# Which games had the best soundtrack?



## Murkrow (Jan 25, 2014)

Also which gens had your favourite trainer battle/wild battle/gym battle/etc musics? The ones that feature in every game.

My opinion on this is quite volatile. I guess it often depends on which is the generation I listened to so much that I got sick of it the least recently.

RSE was pretty good although I didn't care for the actual soundfront much (might have just been down to how the GBA produces sound, idk) so if there's a remake of that I'll eagerly await the music.

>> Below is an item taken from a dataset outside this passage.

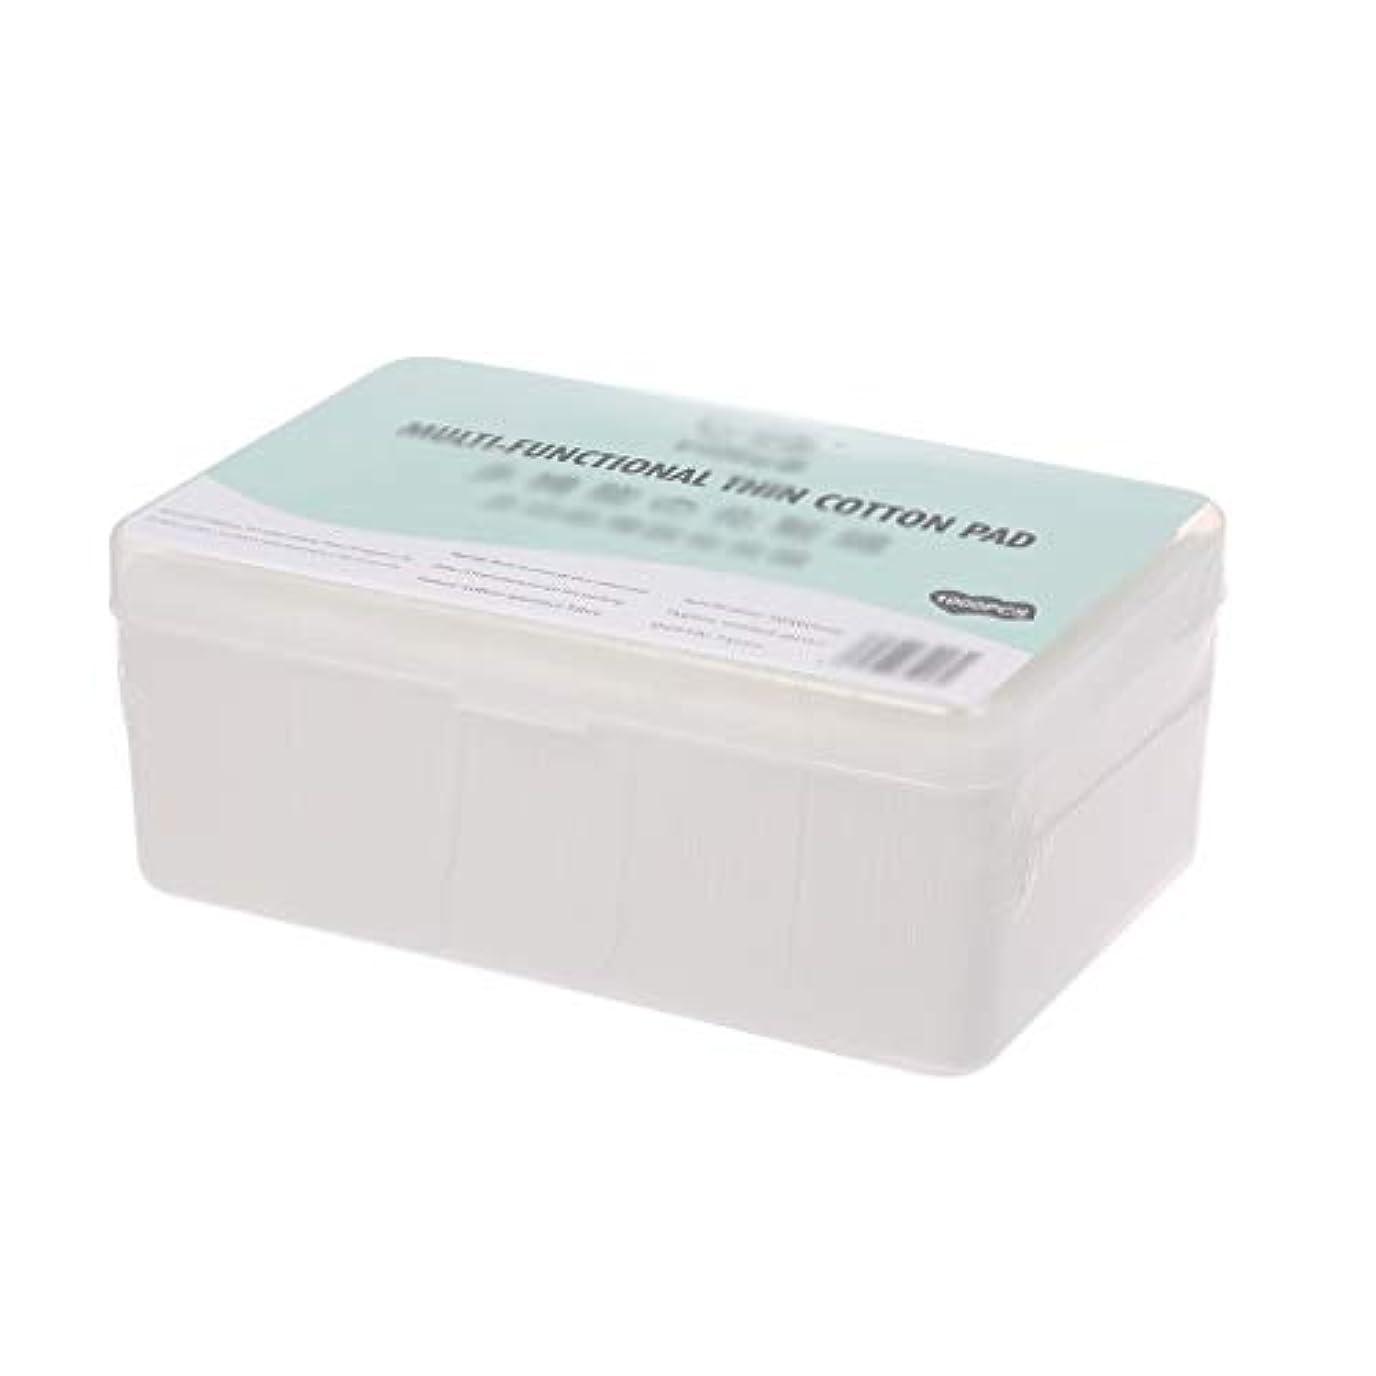 トランザクション収束逃げるクレンジングシート 1000ピース箱入り使い捨て超薄型コットンメイク落としネイルポリッシュリムーバークレンジングティッシュペーパーペーパー (Color : White, サイズ : 5*6cm)

I always come back to gen 1 when it comes to gym leader music, and gen 2 when it comes to wild music.

Although now that I've played gen 5 I think I can safely say that it has my favourite musics. I like pretty much all of it. Trainer, gym, wild battles, Team Plasma, elite four, battle subway. I really like the variations on the gym theme in BW2, too.

I've only got X recently and I can't say I like the music. It's not bad, it definitely Pokémony, it just doesn't give me an excited happy feeling that some other Pokémon games do. I do like the rival battle music and the Battle Chateau/Maison music, though.


----------



## kyeugh (Jan 25, 2014)

The BW music just wasn't for me; it seemed to loud and flashy and blarey, but maybe I'm just weird?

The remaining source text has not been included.